An easy way to search this site for information about birds in urban areas is to do a site-specific google search. At google, enter a search term, followed by site:birdzilla.com. This will return all entries with that term from within the birdzilla site (of course, this little google search tip works for any website). For instance, a search for lawns site:birdzilla.com reveals early statements about Anna's Hummingbirds bathing in lawn sprinklers and Black Phoebes "sweeping over city lawns, or even hunting in the artificial canyons of downtown Los Angeles."

You can do a google search to look for mention of birds in your own hometown or to see how many birds foraged in garbage dumps. While this information may not help you immediately save the birds in your city, it can help place urban bird behavior in a historic and ecological context...and provide interesting stories to share with others while watching urban birds.

Friday, April 02, 2004

Bird Health and Electromagnetic Fields
We've all seen birds perched on electric wires--ever wondered if electromagnetic fields generated by power lines have any effect on birds?
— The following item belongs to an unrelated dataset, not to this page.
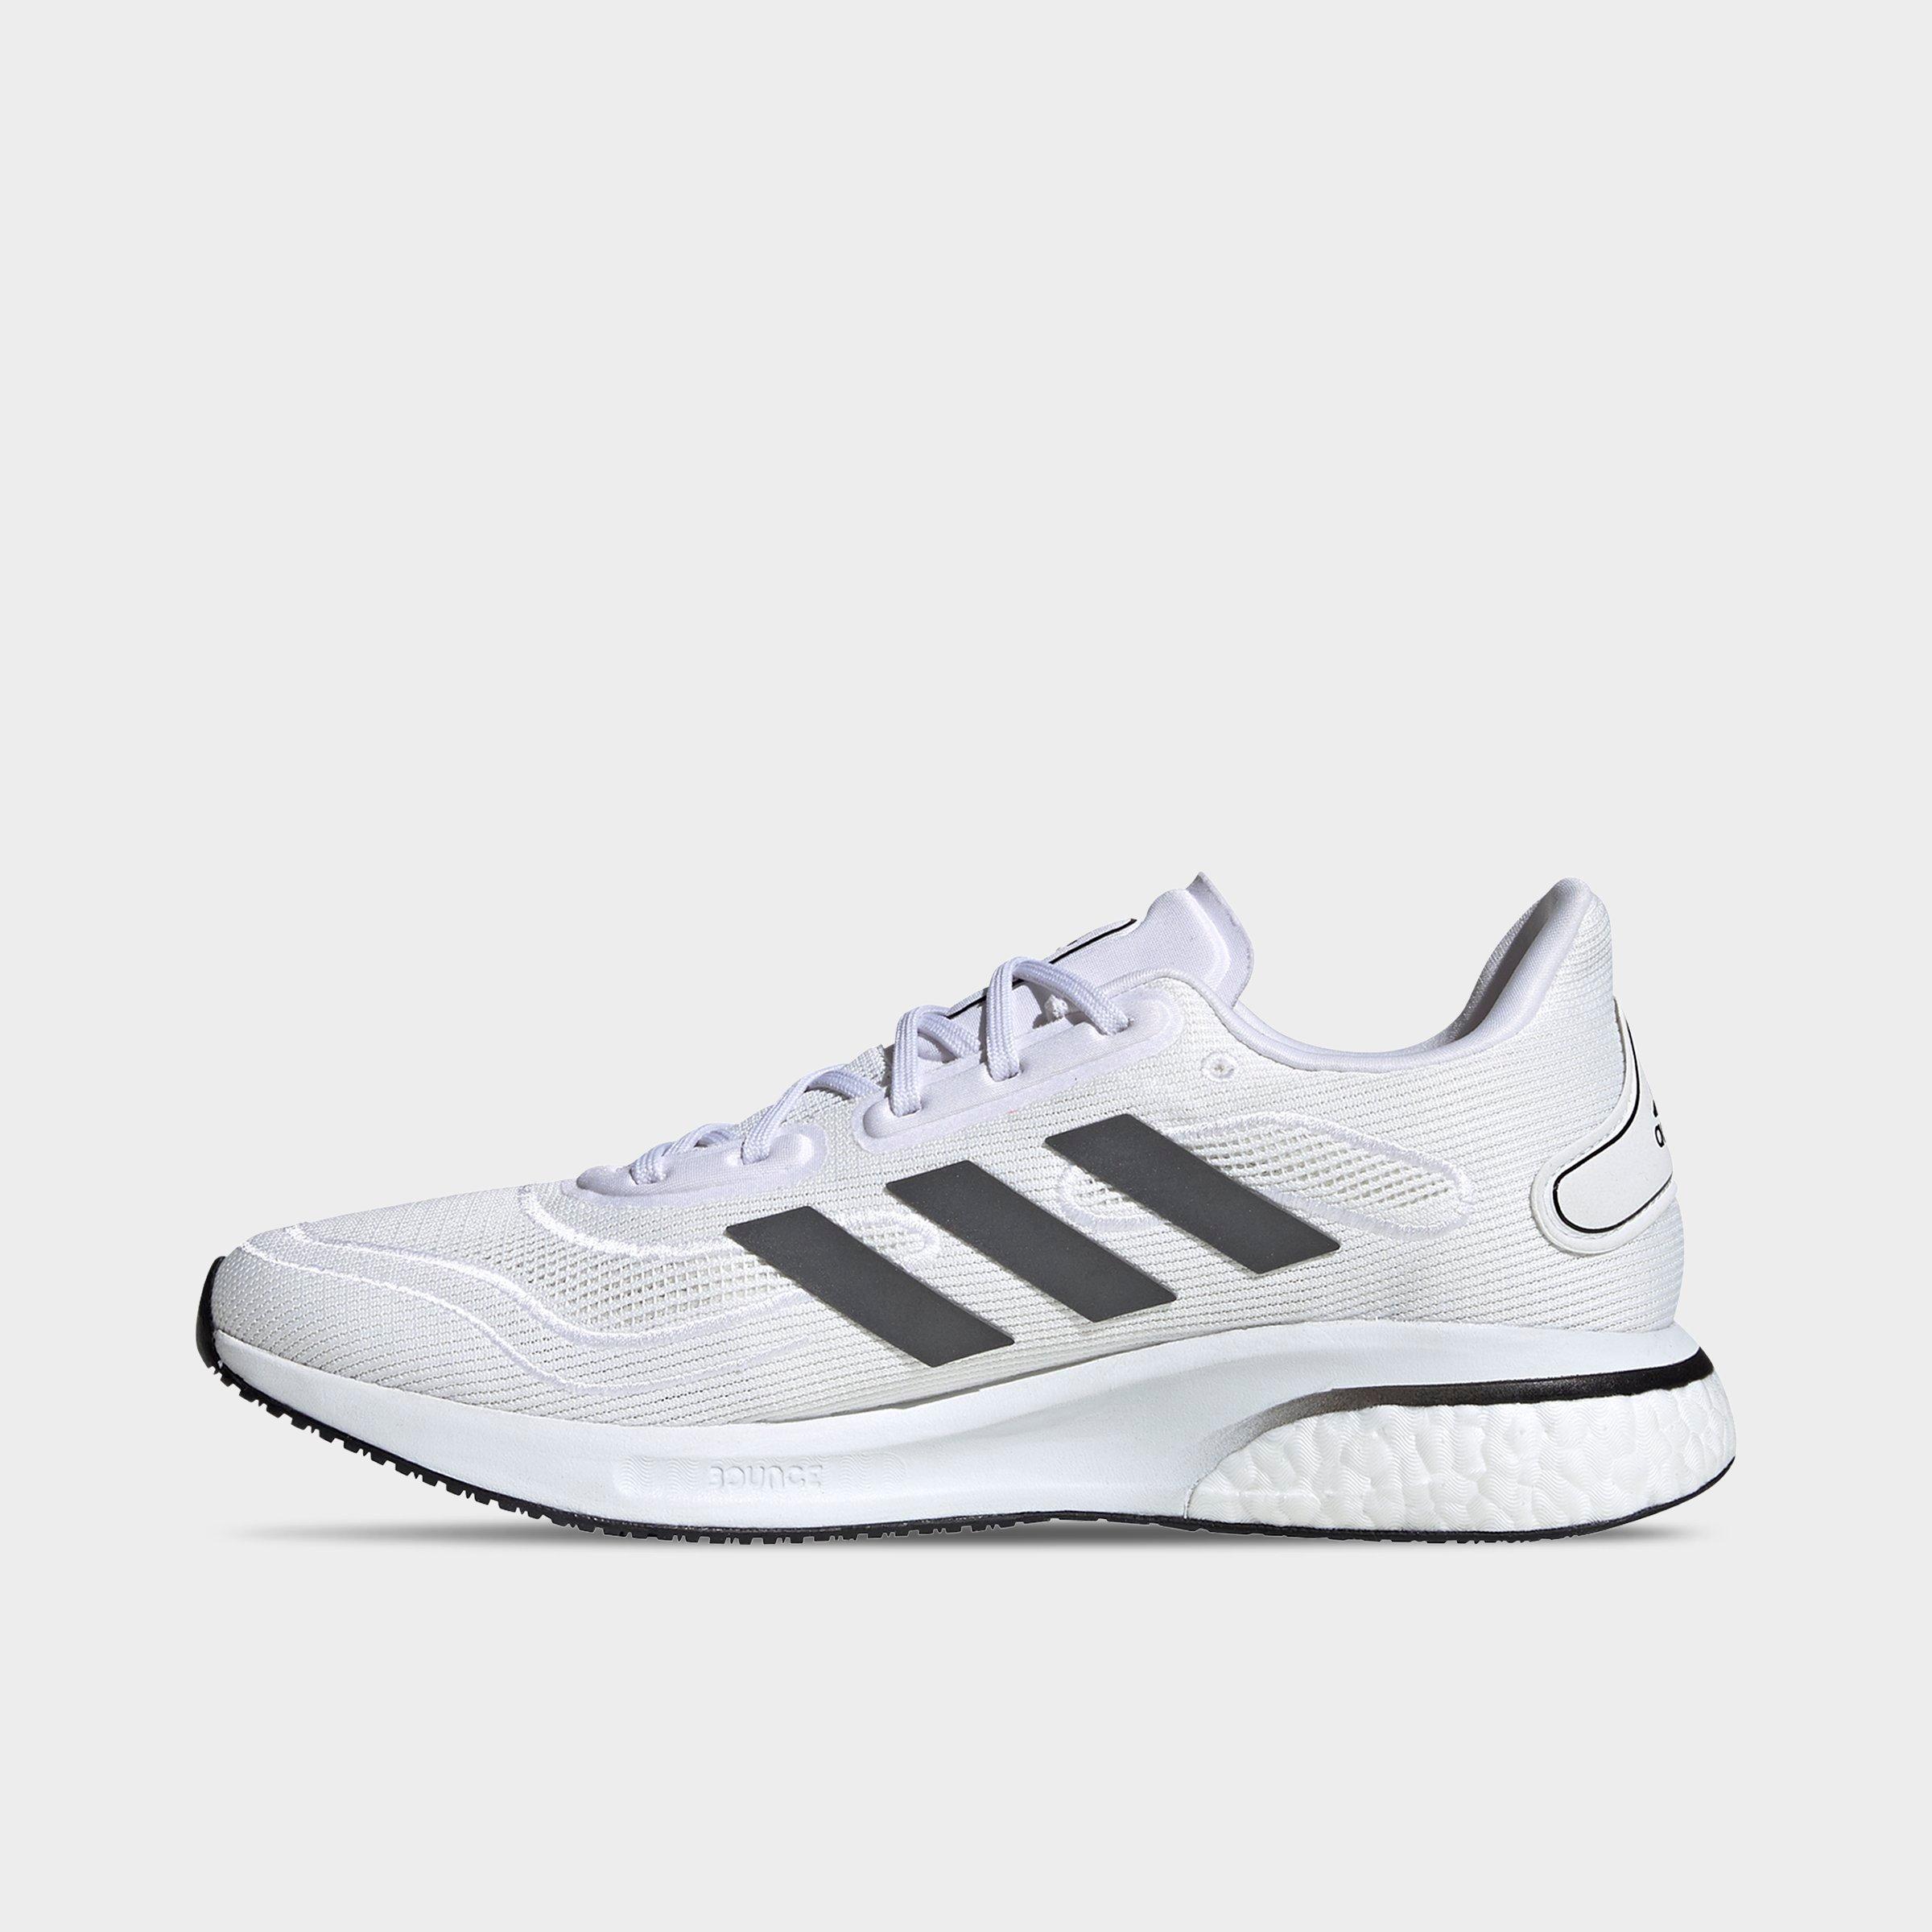 adidas low profile running shoes

A study of birds nesting under power lines found reduced nesting success in Tree Swallows, but not in House Wrens or Eastern Bluebirds. Recent studies of American Kestrels found electromagnetic fields to effect melatonin levels and growth of hatchlings--according to one article, "EMF exposure affected
reproductive success of kestrels, increasing fertility, egg size, embryonic development, and fledging success but reducing hatching success."

A helpful literature review with references introduces potential health effects of electromagnetic fields to humans and other species. Magda Havas of Trent University in Ontario has published a more complete review of health effects. While these studies focus on human health, they do present evidence of effects on birds as well.